Is Beaumont driven by an unstoppable urge to be free? Does his active mind find peace and harmony in the tristesse of the desolate scenery? Does the artist occasionally enjoy being overcome with a bittersweet nostalgia? Whatever the case may be, the documentation he assembles while he is there shows that the first impressions are complex and layered. Photos are shrouded in suggestive openness. His studies are more baroque and organic than the final result on canvas.
Back in his studio, he can channel this experiential chaos. He critically reflects on the view, interpretation and memory of the landscape he has so closely observed. He strips away specific details and begins to develop a more universal synthesis. In this synthesis he incorporates not only his view on the perceived image, but also a very conscious reflection on the act of painting itself. How and where can paint be added or scraped away? Can a new layer of paint cover another one, or should it be kept transparent to preserve the organic flow of colours and shapes underneath? Is another layer even necessary? The act of painting leaves traces. The skin of paint slowly acquires its definitive relief. With intuitive gestures and careful precision he makes small adjustments to the process of distilling and crystallising that which is important. He patiently traces the boundary between the barely recognisable reality of a forest and the abstract chiaroscuro of four black and pale green triangles. A black line on a bare white canvas could be a geometric abstract work, but acquires concrete meaning as a horizon within the context of his oeuvre. The height of a horizon is shifted from high to low and back. The artist keeps pondering until he finds the balance between reality and pictoriality. The image he creates should allow the viewer to feel, to approach the way he himself has experienced the original landscape.

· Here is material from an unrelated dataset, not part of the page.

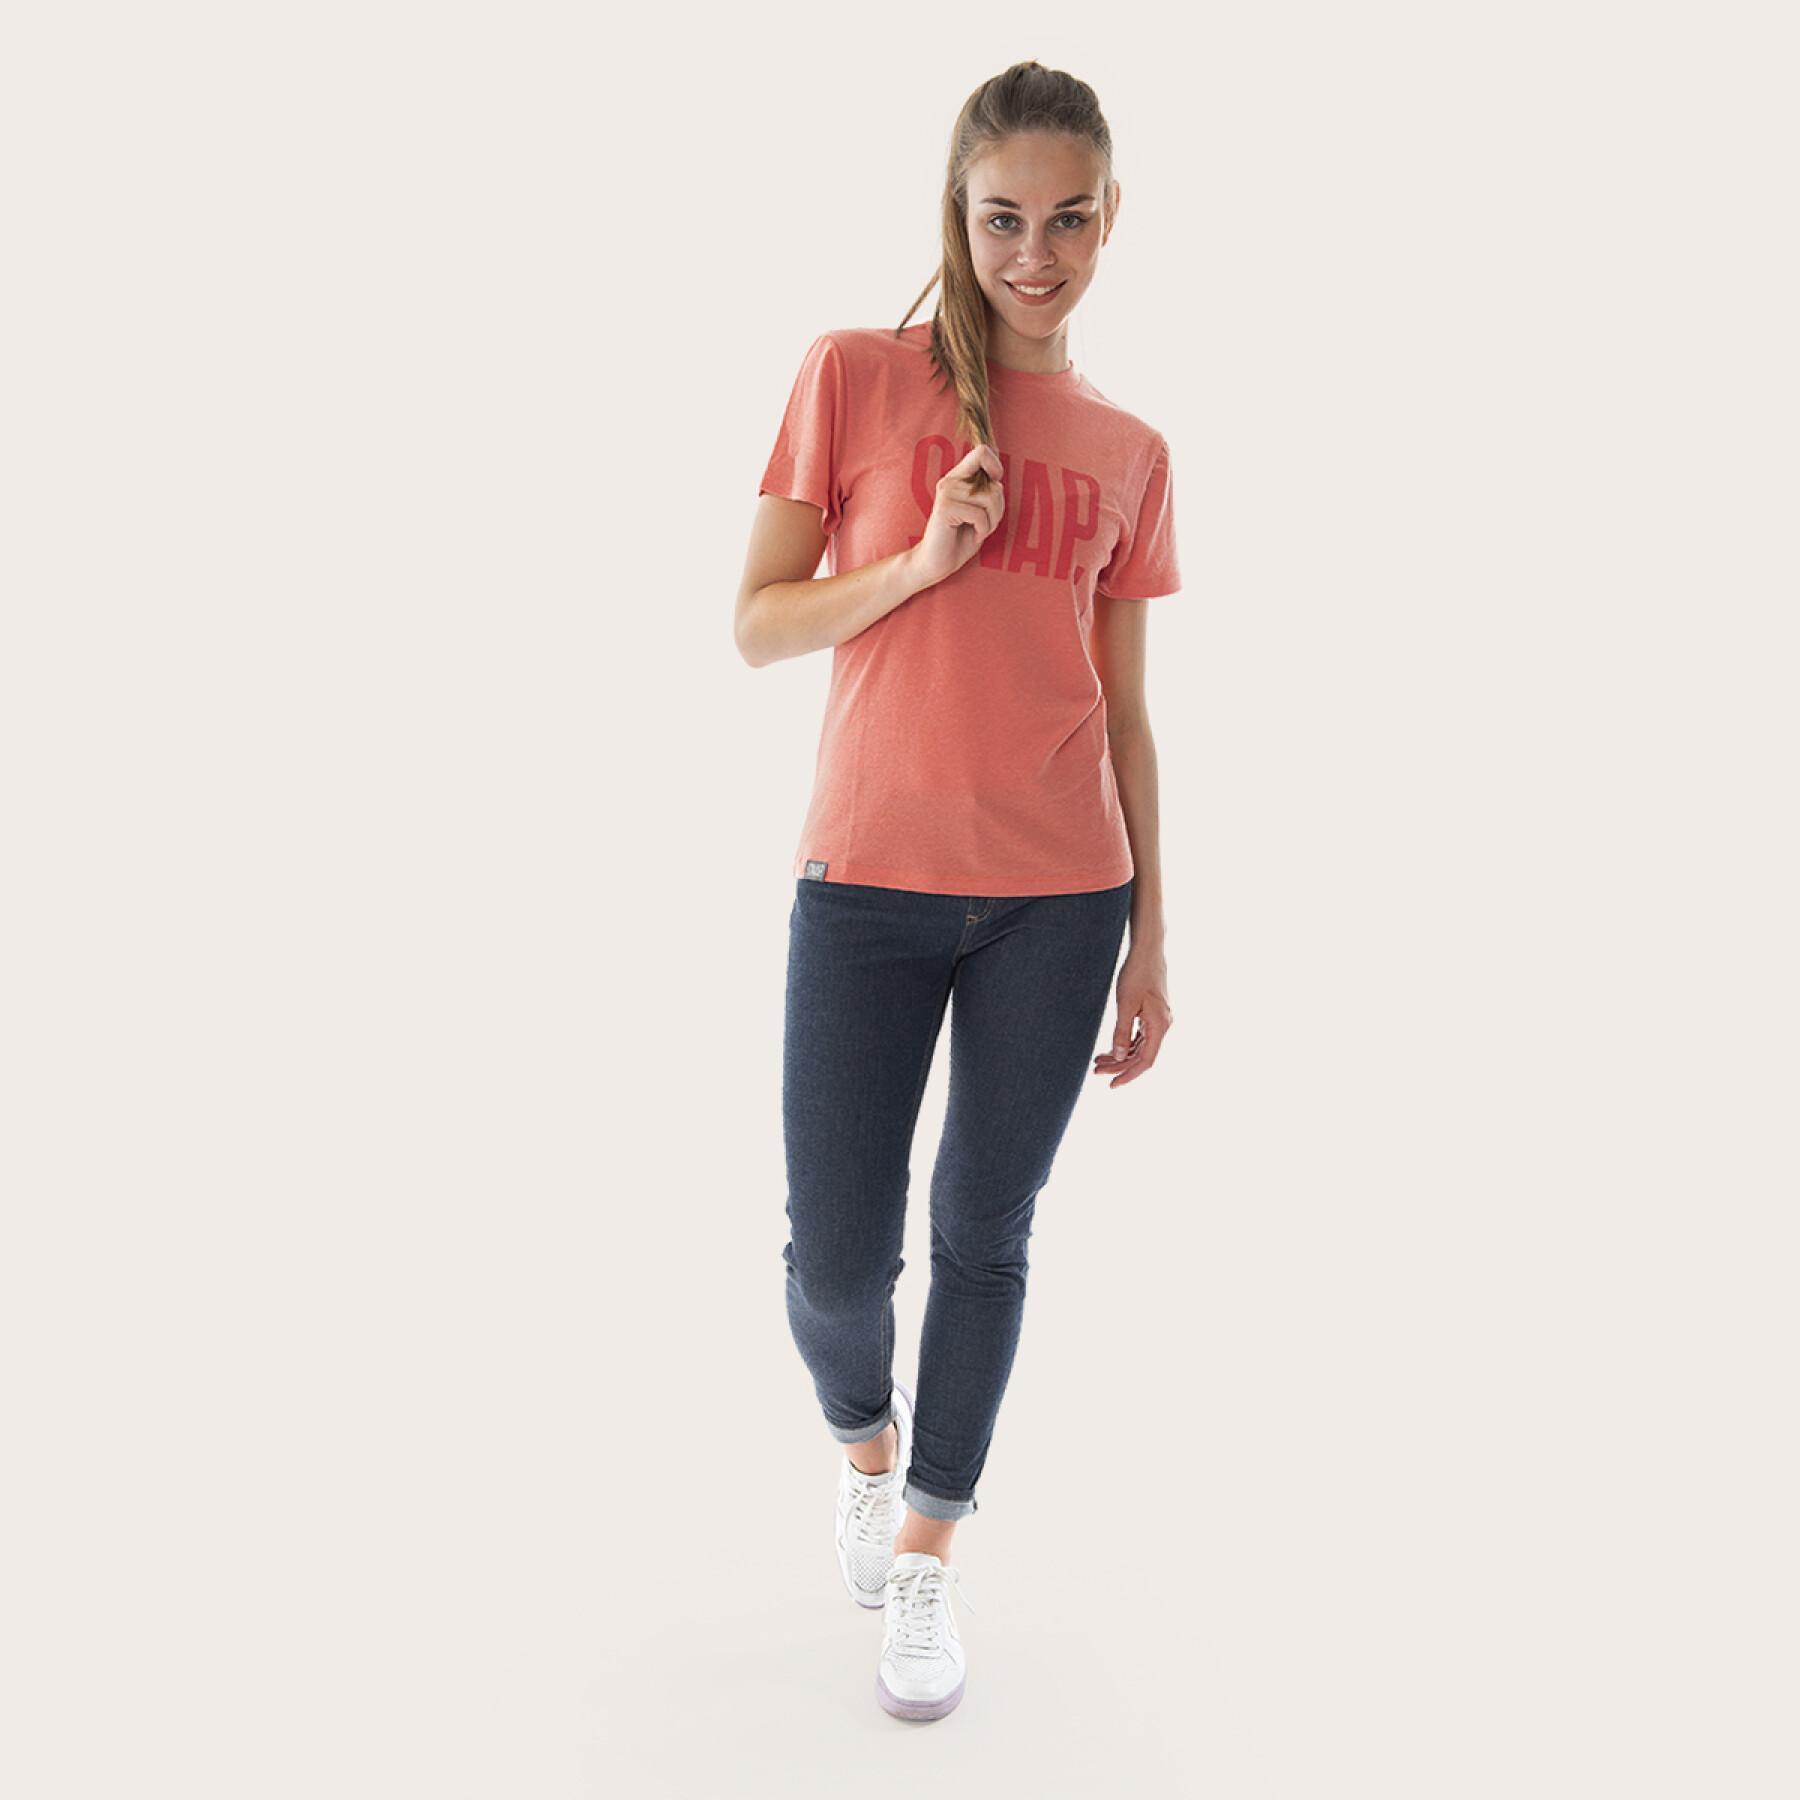 T-shirt technique en merinos manches courtes femme Snap Climbing

As Beaumont’s work evolves, we can see the internal connections surfacing. His alternation between wide panoramas that show the landscape in its infinite vastness and close-ups that focus mainly on the structure of details in the landscape suggests an eclectic approach to the overall theme, but out of these micro-views and macro-perspectives emerge images with a strong formal relationship. A group of tree trunks in a dense forest could be the mirror image of reeds in close-up. The capricious structure of olive branches generates a visual echo of the waterfall we saw in his earlier work. Subjects, views and ideas are reused. Picture elements are adjusted. The morphological language dances back and forth on the thin rope between figuration and abstraction. Paint becomes a new skin, with different imperfections and emphases. We see variations on a theme appearing. The timelessness of the landscape, that dual spirit of awe and admiration, of both being a tiny part of a totality and seeing the whole, the identity of the artist who takes a firm grip on the subject matter and a straight course along artistic choices, make the multiplicity of Beaumont’s work consistently fascinating.